§ **WHAT TO PRODUCE**
Print the whole listing below exactly, skipping every picture.
[GIVEN INFORMATION Boundary: Start]
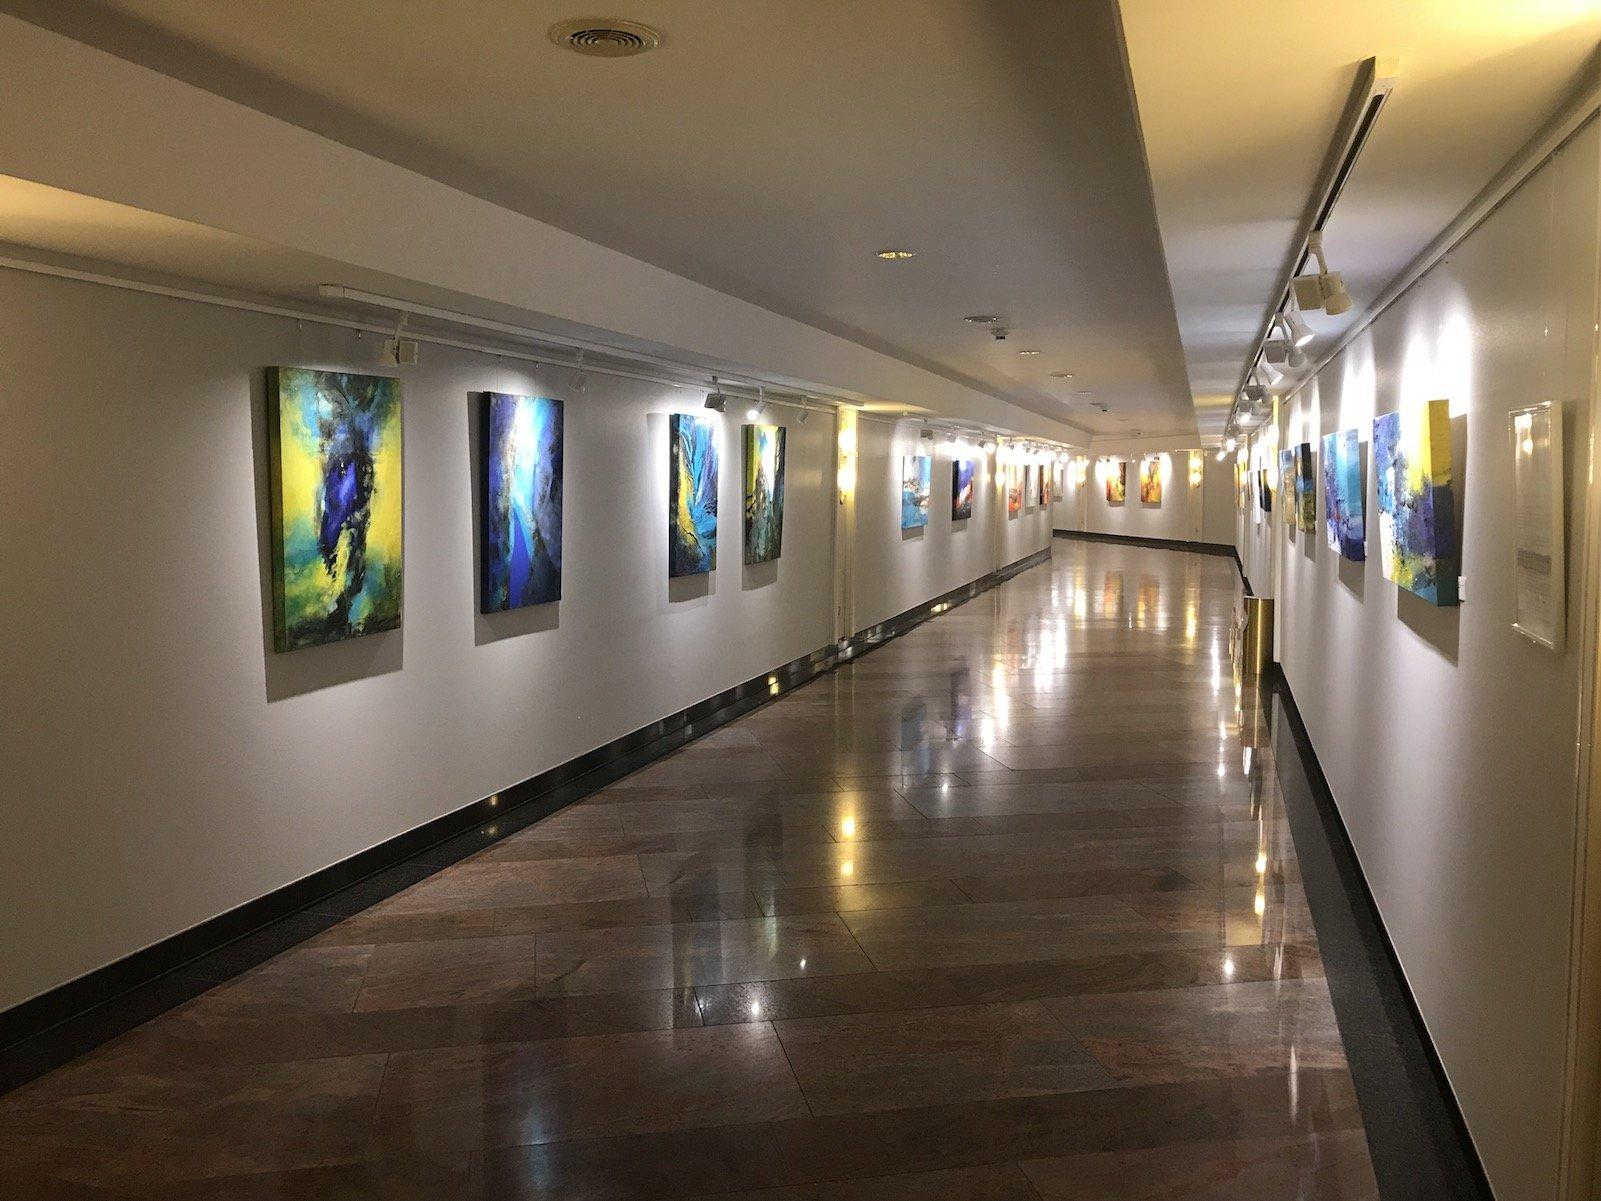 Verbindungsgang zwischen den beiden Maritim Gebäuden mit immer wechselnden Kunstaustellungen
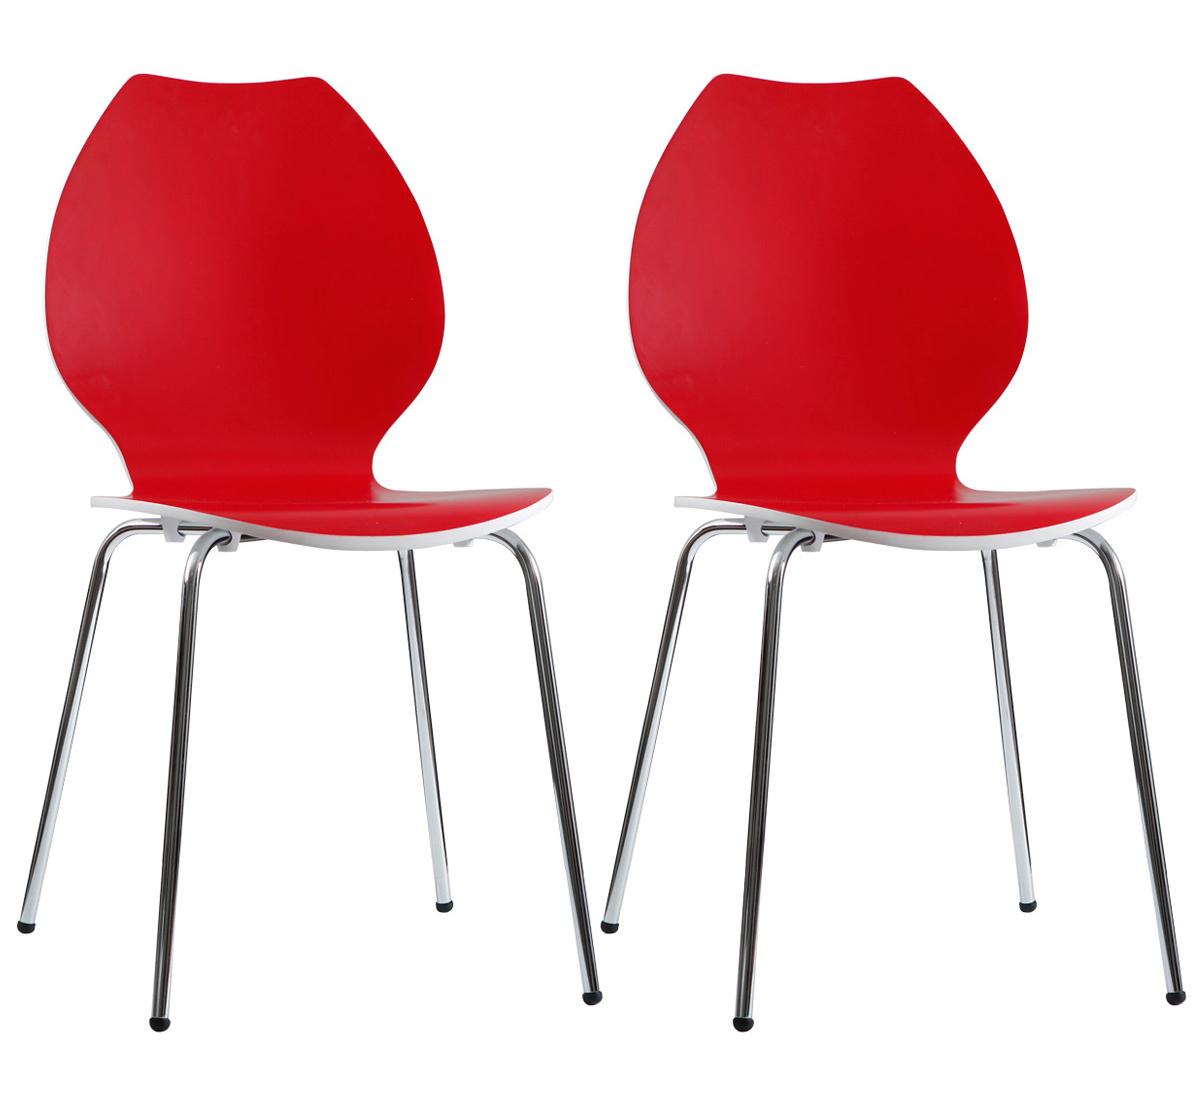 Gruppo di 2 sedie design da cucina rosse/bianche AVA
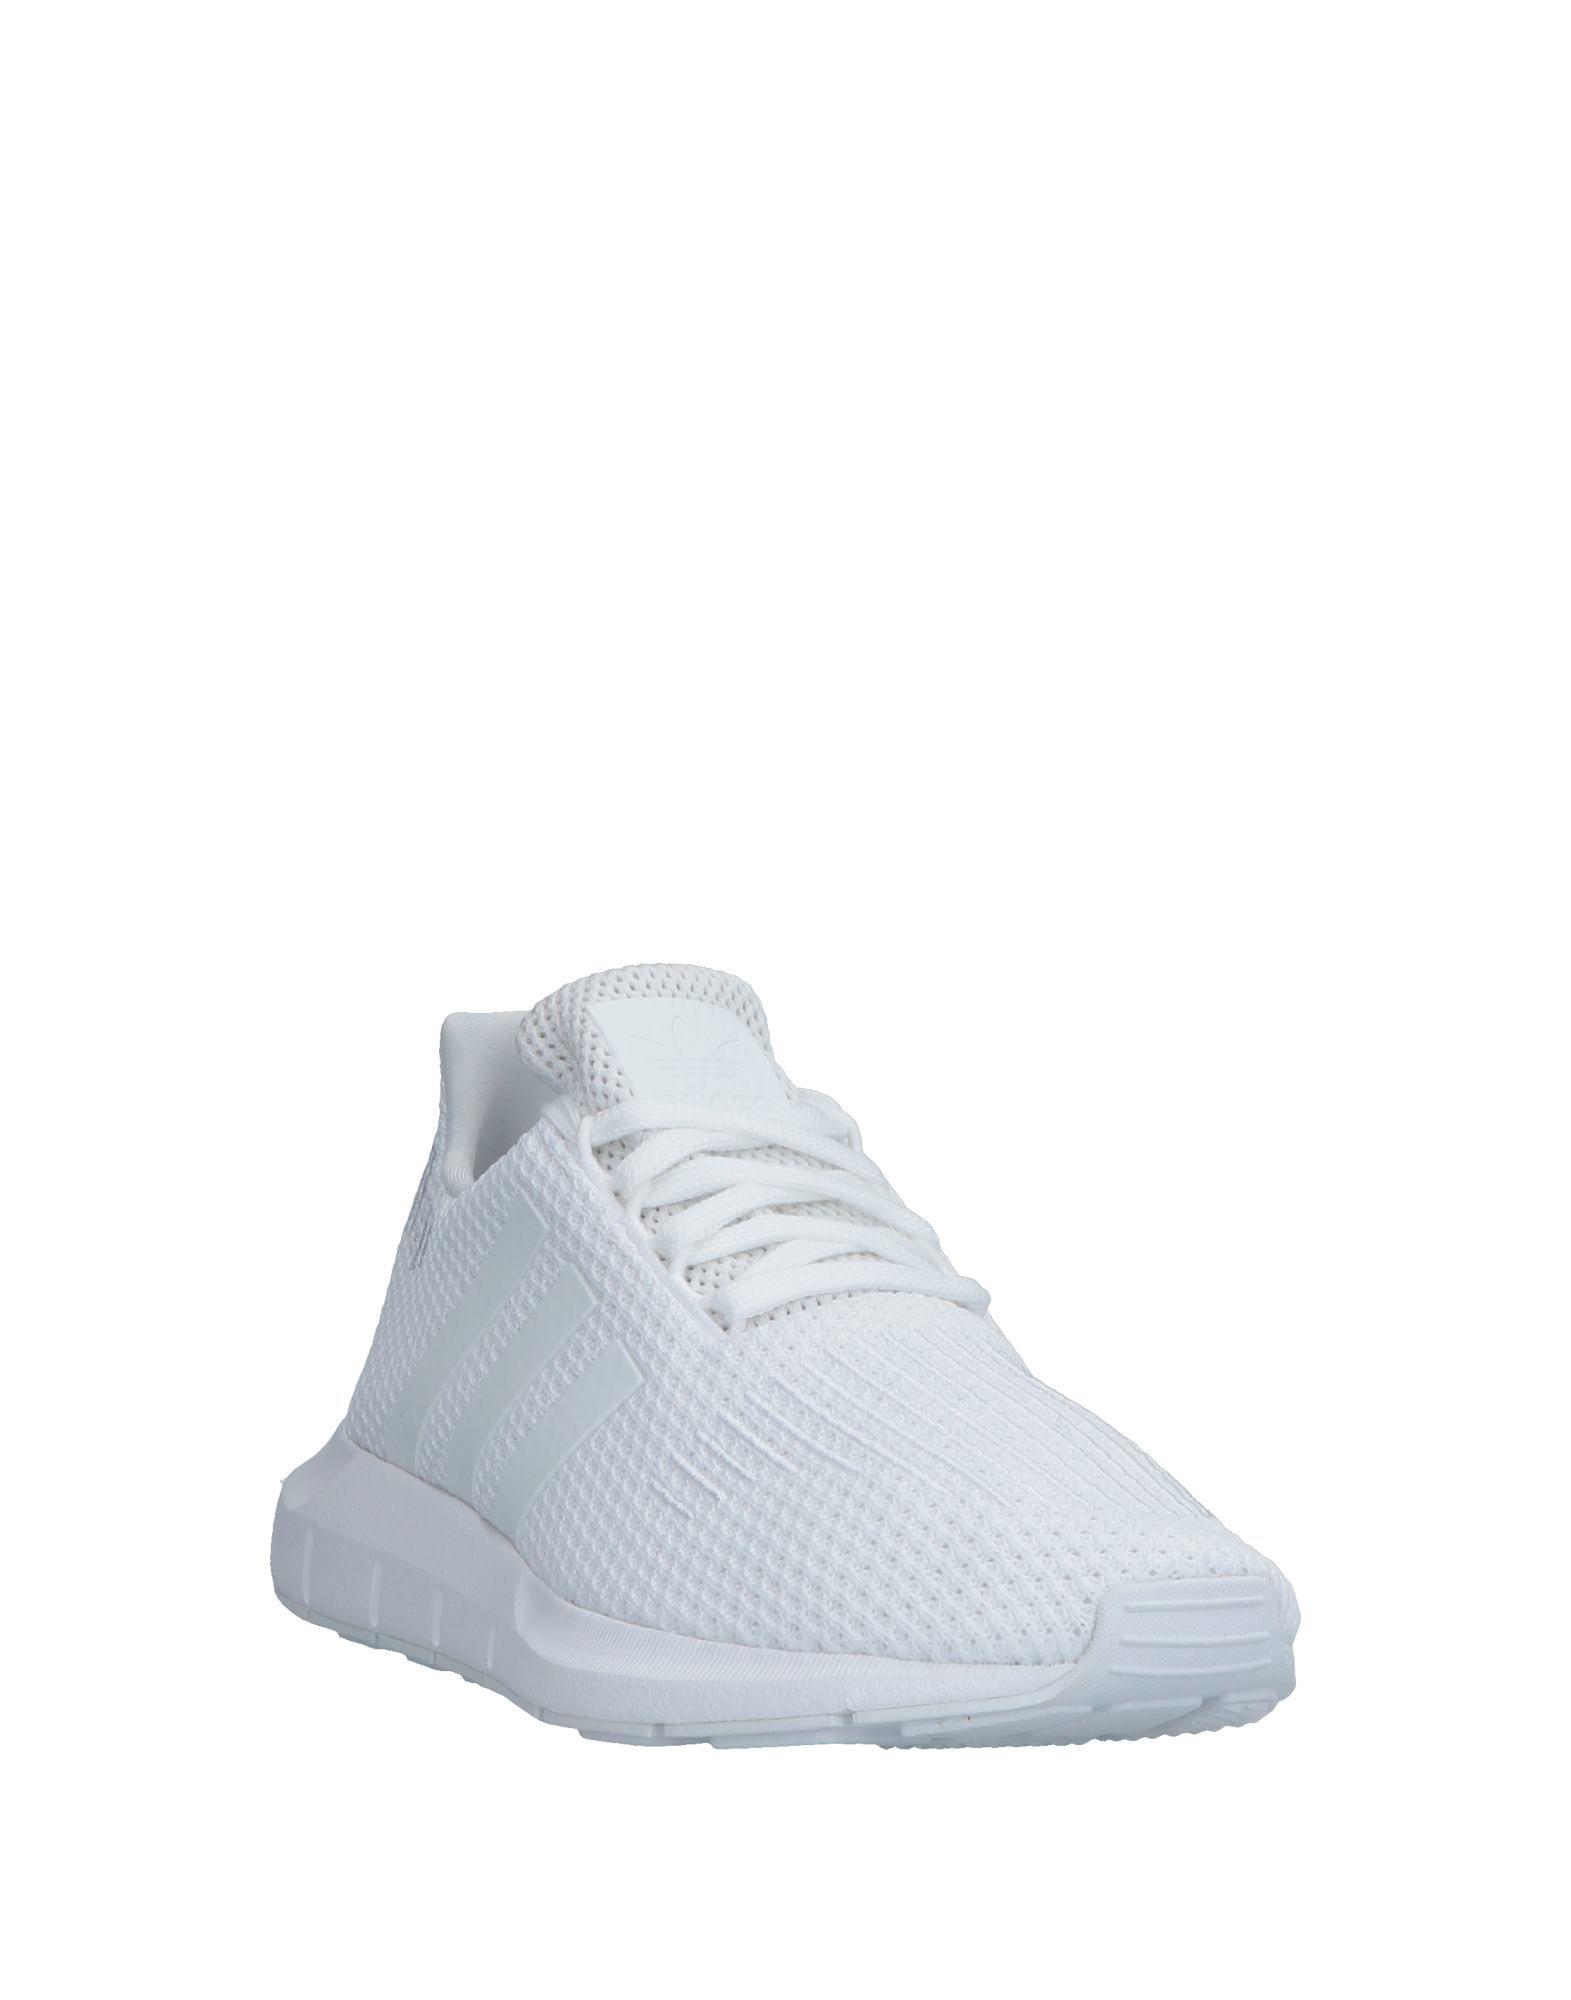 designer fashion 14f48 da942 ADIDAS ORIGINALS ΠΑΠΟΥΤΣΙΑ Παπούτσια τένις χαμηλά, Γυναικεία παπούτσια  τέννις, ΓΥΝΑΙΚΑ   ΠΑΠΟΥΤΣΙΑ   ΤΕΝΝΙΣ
[GIVEN INFORMATION Boundary: End]
§ **RESPONSE AREA**
 Verbindungsgang zwischen den beiden Maritim Gebäuden mit immer wechselnden Kunstaustellungen
 Gruppo di 2 sedie design da cucina rosse/bianche AVA
 designer fashion 14f48 da942 ADIDAS ORIGINALS ΠΑΠΟΥΤΣΙΑ Παπούτσια τένις χαμηλά, Γυναικεία παπούτσια  τέννις, ΓΥΝΑΙΚΑ   ΠΑΠΟΥΤΣΙΑ   ΤΕΝΝΙΣ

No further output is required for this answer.